Mysteries of Benghazi

Stephen Hayes
November 6 is not only Election Day, it's also the eight-week anniversary of the terrorist attacks on the U.S. consulate in Benghazi, Libya.

Regardless of which candidate wins, the American people deserve answers to the many unanswered questions about the attack—and the events that preceded and followed it. The Benghazi debacle is a drama in three parts: the lack of security before the attacks, the flaccid response during the attacks, and the misleading narrative after the attacks. There are unanswered questions about each part. Here are some of the most important.

Part One

Before the attack, a wide array of U.S. officials provided stark warnings about inadequate security in Benghazi. They include Eric Nordstrom, former regional security officer for the State Department in Libya; Lt. Col. Andrew Wood, a site security commander in Libya from February to August 2012; the unknown author of letters dated the day of the attack and found on the consulate floor; and, of course, the late Ambassador Christopher Stevens himself. Why didn’t they receive the assistance they requested?

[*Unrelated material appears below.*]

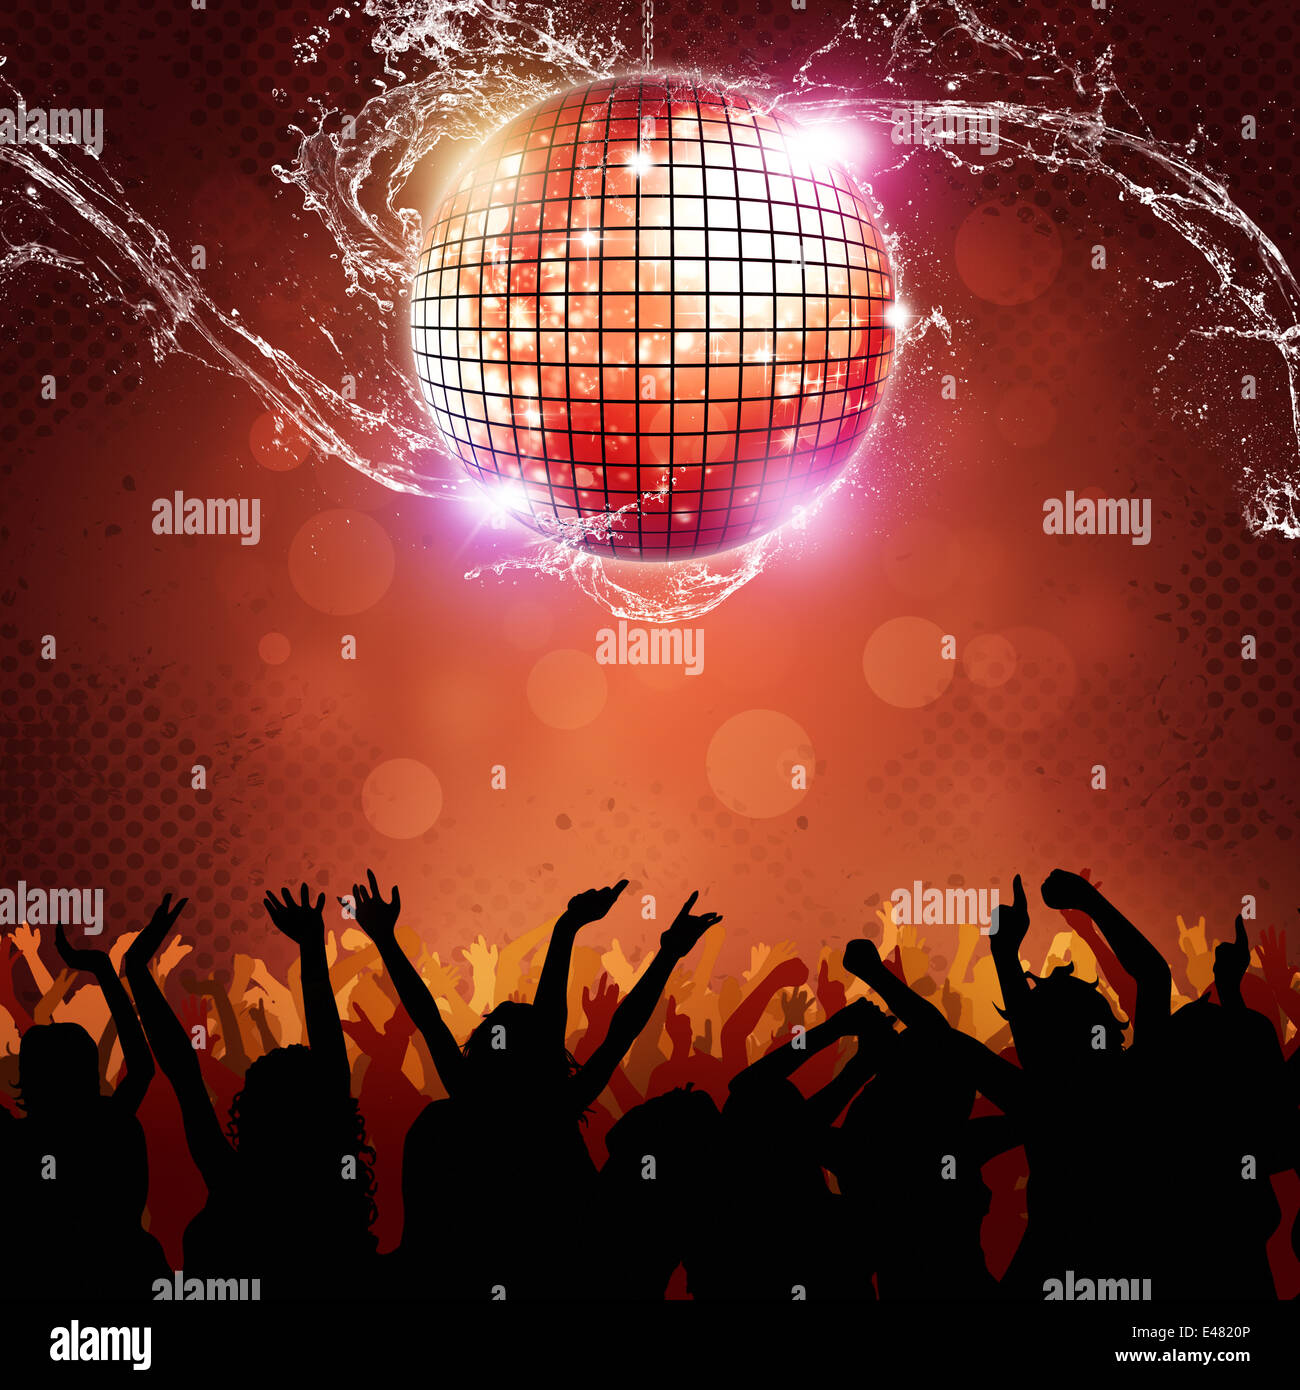 Disco-Kugel und die Menschen tanzen auf der Tanzfläche Stockfotografie -  Alamy

During the vice presidential debate, Joe Biden claimed: “We weren’t told they wanted more security there.” National Security Council spokesman Tommy Vietor later clarified that Biden was speaking “for himself and the president.” In fact, an August 16 State Department cable summarizing an emergency meeting at the U.S. mission in Benghazi was circulated to White House and NSC officials just three weeks before the attack. It reported that the regional security officer “expressed concerns with the ability to defend Post in the event of a coordinated attack due to limited manpower, security measures, weapons capabilities, host nation support and the overall size of the compound.” Does the administration maintain that no one at the White House or NSC was aware of these urgent requests?

Several officials with responsibility for security in -Benghazi spoke of a “normalization” directive that included a conscious effort to reduce the security posture at the consulate. Who proposed “normalization” and who issued the directive to reduce security?